We walked all the way around it, peering into the dark windows, and Tom tried the door.

‘It’s locked.’ I squinted and couldn’t see anything but our reflection. ‘I thought it’d be open.’ He knocked, pressing his nose onto the glass. ‘I’m really sorry, man. Maybe it’s one of their holidays or something.’

‘Don’t worry about it. I didn’t have any better plans.’

We walked along the peak of the estate to three stucco huts, which had a sign describing them as the dairy complex, dating from the early 1800s. It was also entirely locked, some doors even painted shut.

‘What do you see?’ I asked while Tom looked into the smallest hut.

‘There’s a bunch of kids’ toys in a bucket,’ he called back.

I saw a small kitchenette—a white electric kettle with brown stains, a narrow sink, dirty refrigerator and shelves with dusty Ribena and tea biscuit wrappers. It looked like a museum to English domesticity.

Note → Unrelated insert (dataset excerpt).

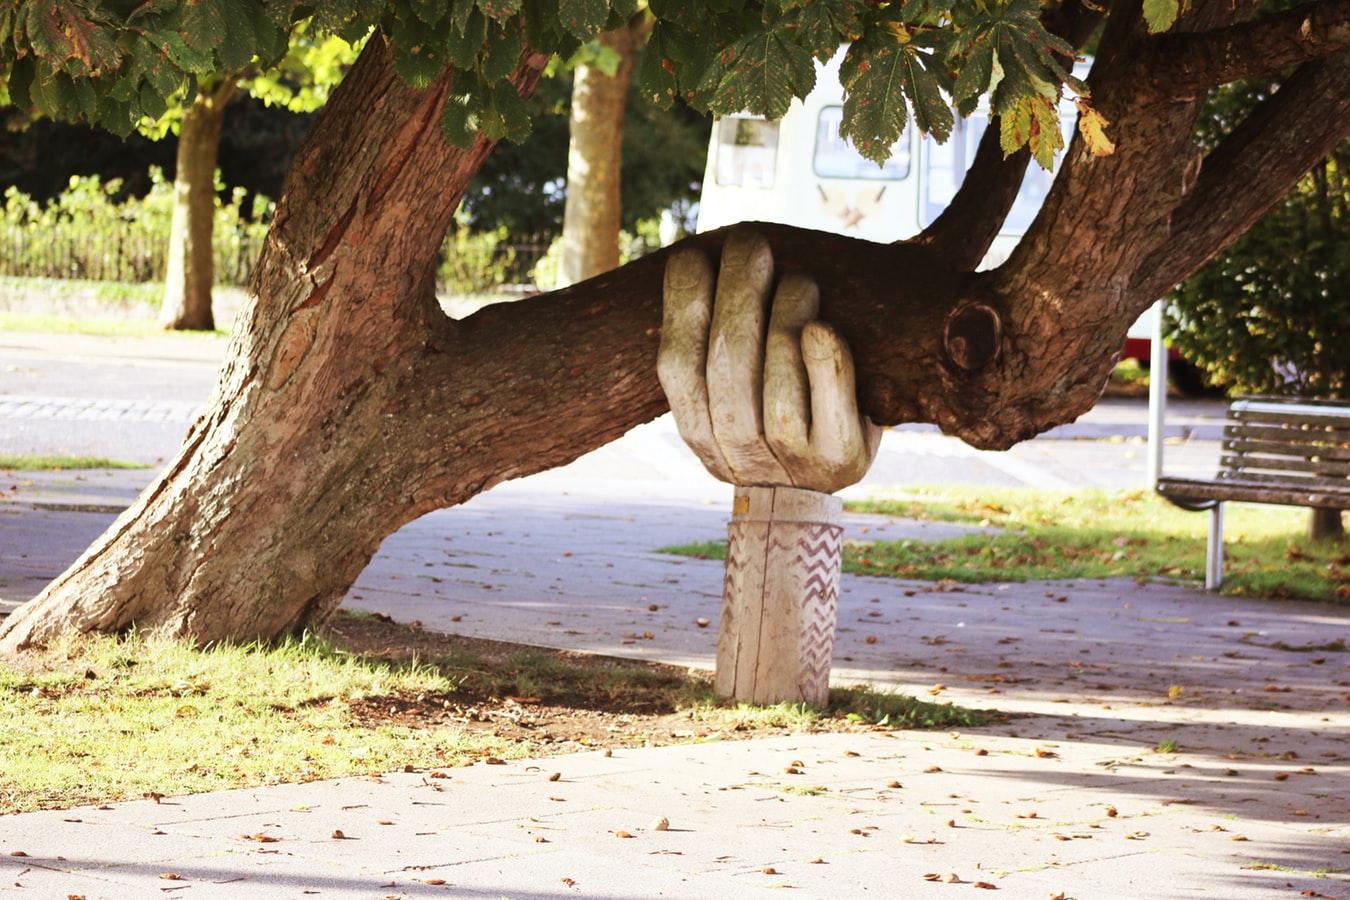 Pflegebedürftig, Hilfe, helfende Hand
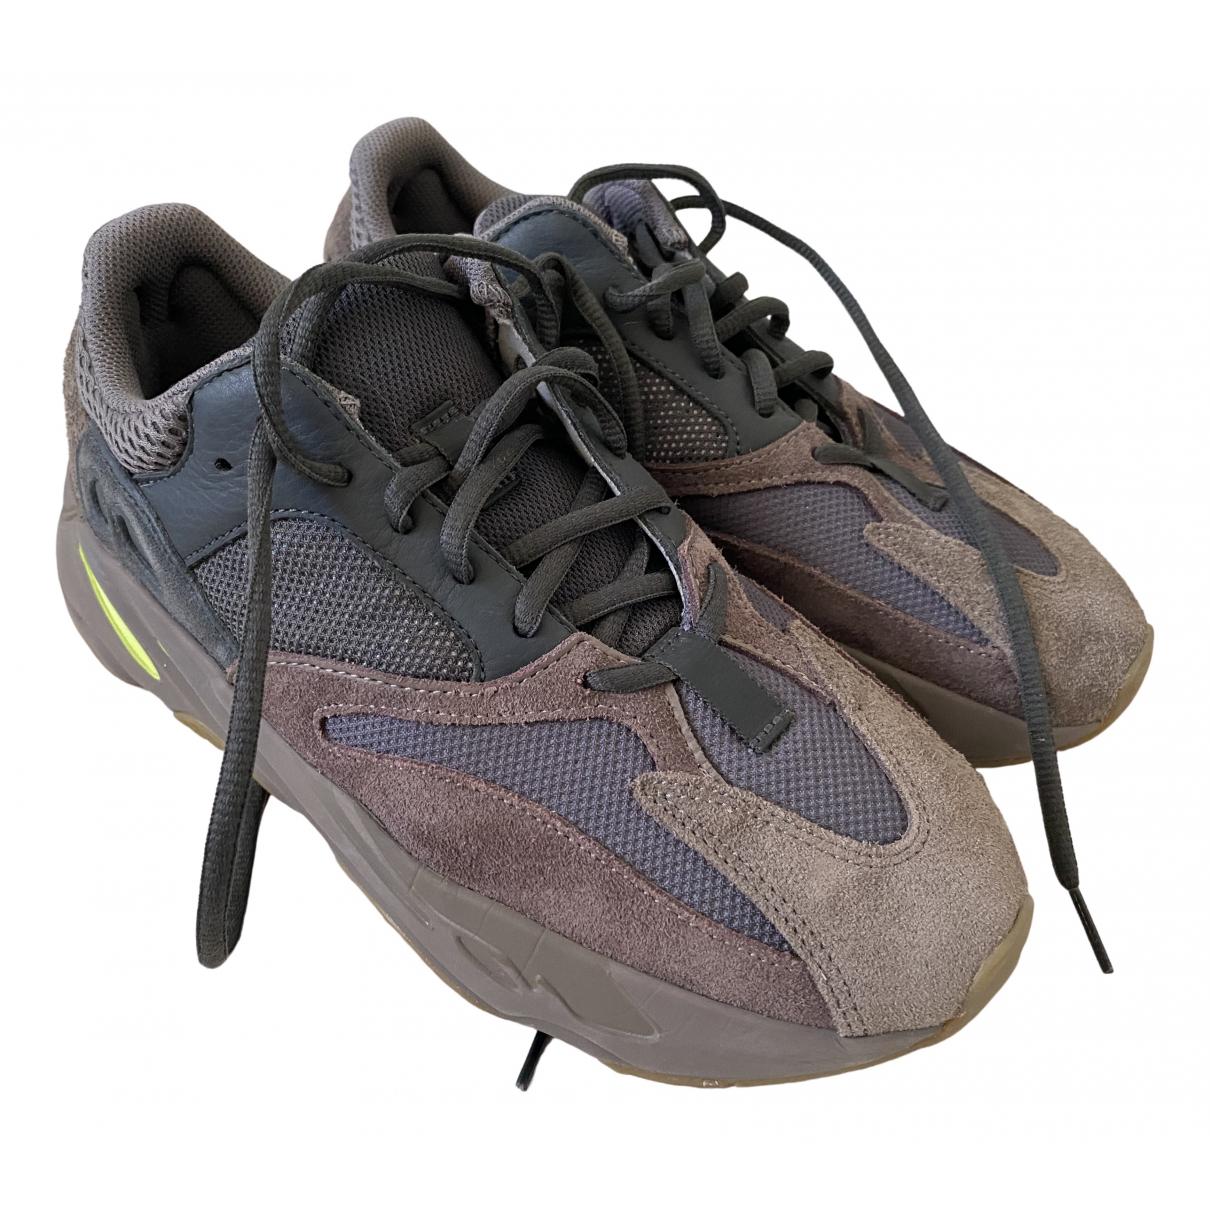 Yeezy X Adidas - Baskets 500 pour homme en toile - marron

It looked like somebody had lived inside, years ago, had snuck in and kept the place well-stocked enough to get by, right under the nose of the National Trust.

‘Dahling, we’ve locked ourselves out again, haven’t we,’ Tom said in his best royal accent.
‘Oh dear, right we have,’ I responded, going kind of Scottish.
‘This day has been a real gooch, hasn’t it.’
‘Quite right.’
‘Let’s head back into the heath for a spot of dogging.’
‘After we’ll eat Kinder Eggs.’
‘That sounds smashing.’

‘Cheers.’

When Tom left to take a piss (not the piss, which had another meaning), I opened the front pocket of his backpack and found about twenty pounds’ worth of loose change and a bottle of Lexapro. Lexapro—what was he so sad about? I took a couple coins to buy some food.

I thought about asking Tom over for dinner. I felt a pang of satisfaction, thinking of Conor and Lynne watching us, Tom, Madeleine, and I, sitting around that little table eating toast, making Madeleine feel left out while we talked about something only Americans could understand, and translating bits to her out of kindness.

I zipped Tom’s bag back up and Google searched: can smell my dead dad. It suggested lymphoma, something my dad would have suggested himself.

I breathed deeply, trying to smell him again. I only smelled wood smoke. I imagined him falling off the side of the highway and into the river, his body contorting in the fall like a gray squirrel from a bird feeder, writhing after a sonic shock.

Then Tom was back, his fingertips probably a bit wet from the last drop of urine as he’d rezipped his jeans. He sat down on the bench next to me, and he kept knocking his knee against mine; he was looking around innocently but I felt his thigh getting closer. I thought about what I should do, what it would mean, and how I could say it in French.